Lima hari setelah malam memalukan itu, Liverpool mengirim sang kiper ke Rumah Sakit Umum Massaschusetts di Boston, Amerika Serikat. Entah bisa pakai BPJS atau tidak di rumah sakit tersebut.

Setelah melakukan serangkaian pemeriksaan, dokter rumah sakit di Amerika yang bukan dokter Bernard Mahfoudz alias Johnny Sins si ‘dokter cinta’ itu lalu mengeluarkan pernyataan. Mereka menyatakan bahwa sang pemain positif. Bukan positif hamil, melainkan positif gegar otak selama pertandingan final tersebut.

Hal itu diduga akibat benturan yang terjadi dengan Sergio Ramos di awal-awal babak kedua. Dari tayangan ulang, kiper berwajah ganteng nyebelin itu kena sikut Ramos. Namun tak ada perawatan serius dari tim medis.

“Setelah dengan cermat meninjau ulang film pertandingan dan mengintegrasikan sejarah mendetail, termasuk laporannya saat ini dan gejala langsung pascakontak, pemeriksaan fisik, dan metrik obyektif, kami menyimpulkan bahwa Karius menderita gegar otak saat pertandingan itu berlangsung,” kata dokter Ross Zefonte dan dokter Lenore Herget dikutip dari Liputan6.

https://twitter.com/EPLBible/status/1003735273417641984

Mereka mengatakan bahwa Karius mengalami beberapa tanda gegar otak. Namun hal tersebut tidak dirasakan oleh Karius karena larut pada suasana. Entah benar atau tidak. Atau bisa saja jangan-jangan hanya ‘ide’ dari Liverpool saja agar sang pemain tidak terus menerus diserang warganet yang makin hari kian ganas.

Siapa tahu dengan adanya hasil dari pemeriksaan ini, Karius bisa dimaklumi dan dimaafkan warganet.

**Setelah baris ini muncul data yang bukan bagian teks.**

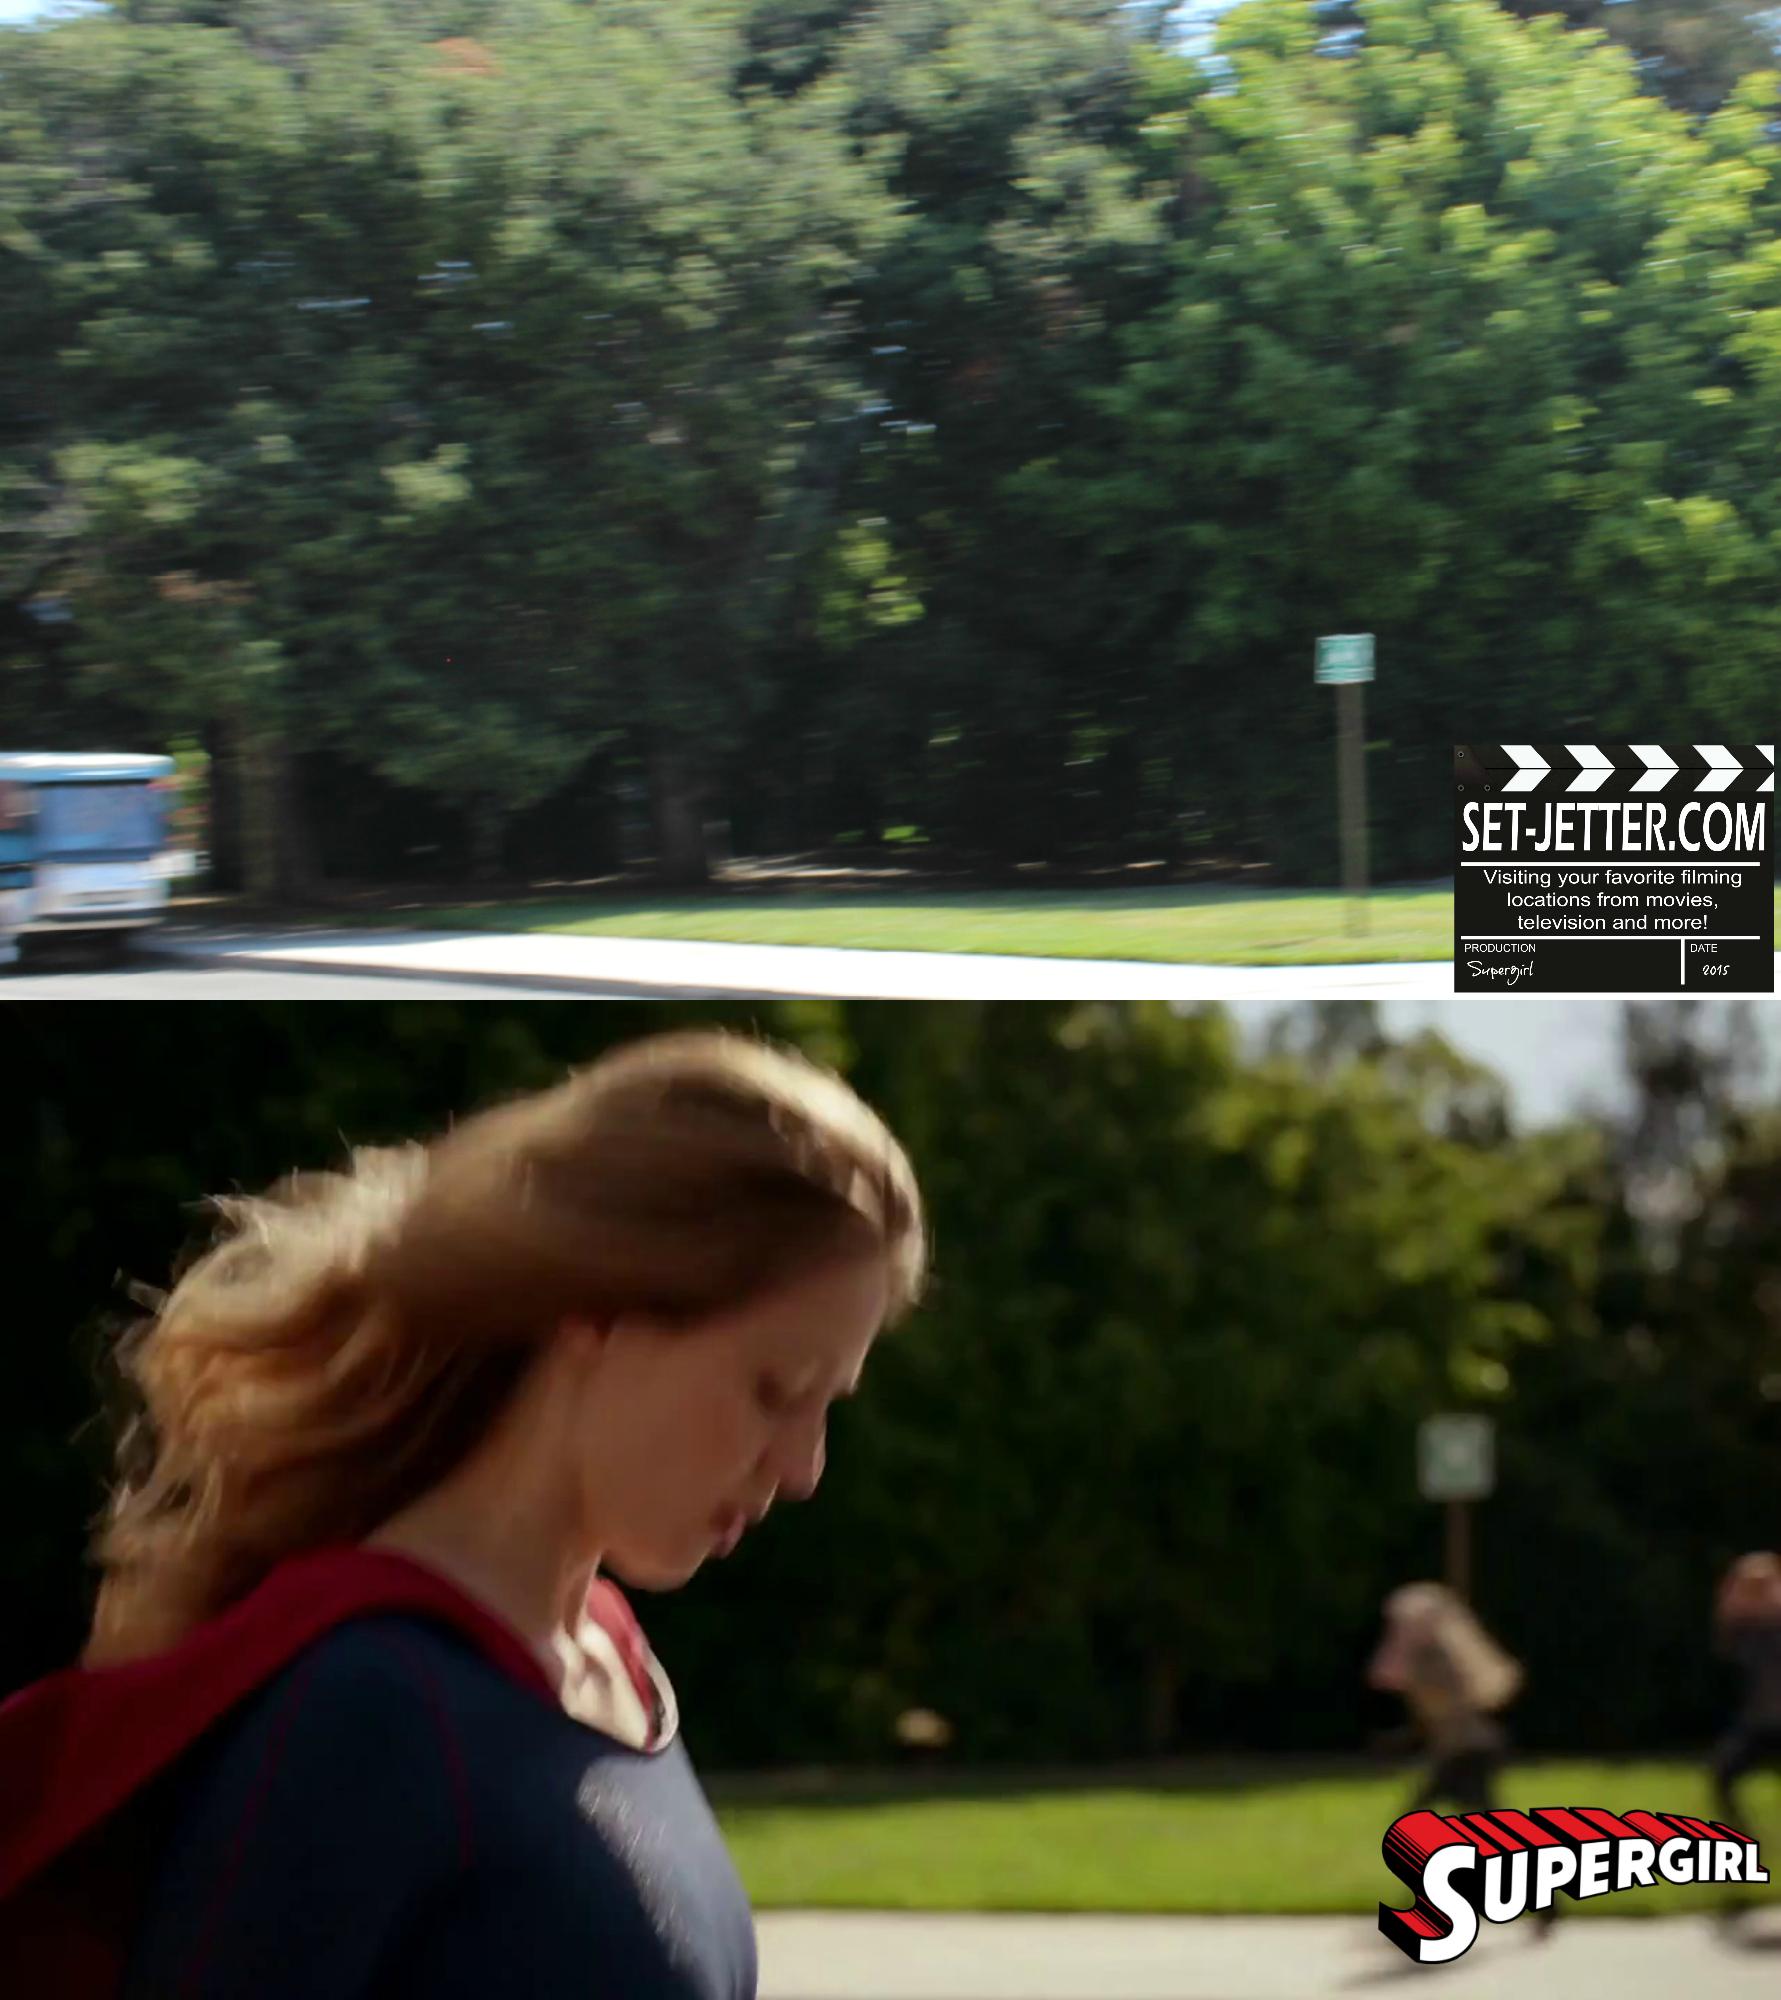 Supergirl comparison 24.jpg

Soalnya rada aneh juga, benturan-benturan semacam itu sering dirasakan kiper atau pemain bola lainnya. Karius bahkan bisa bangkit lagi, tak kelihatan kena benturan serius.

Belum dijelaskan juga seberapa parah gegar otak yang dialami Karius. Namun, pada tes medis yang dilanjutkan evaluasi, dokter Ross Zafonte dan dokter Lenore Herget menyatakan bahwa Karius menderita visual spatial dysfunction yang dalam bahasa Indonesia artinya bukan selamat makan enak.

Cedera itu membuat kemampuan melihat dan mengenali ruang terganggu, di mana hal tersebut mungkin saja berpengaruh pada performa Karius. Kalau memang pemeriksaan medis berkata demikian mau dikata apa. Siapa tahu saja Karius ini sok kuat, yang penting bisa main final Liga Champions. Padahal matanya sudah siwer, otaknya mulai rada ngadat. 

“Sisa gejala utama dan tanda-tanda obyektif Tuan Loris Karius mengindikasikan adanya disfungsi spasial visual dan kelihatannya terjadi segera setelah kejadian itu. Gejala tambahan dan disfungsi area-area tertentu juga terjadi. Defisit-defisit seperti itu dapat saja mempengaruhi penampilannya,” ujar Ross.

Kalau ternyata memang gara-gara Ramos, Ramos benar-benar juara satu dari bawah pada final Champions 2018.  Bagaimana tidak, sebelumnya bek bertato itu juga diduga sengaja melakukan ‘bantingan’ kepada Mohamed Salah yang berujung cedera.

Meski begitu, para dokter mengatakan bahwa kondisi kiper 24 tahun ini telah kembali membaik sejak kejadian itu. Ya didoakan saja semoga makin sehat dan enggak konyol lagi.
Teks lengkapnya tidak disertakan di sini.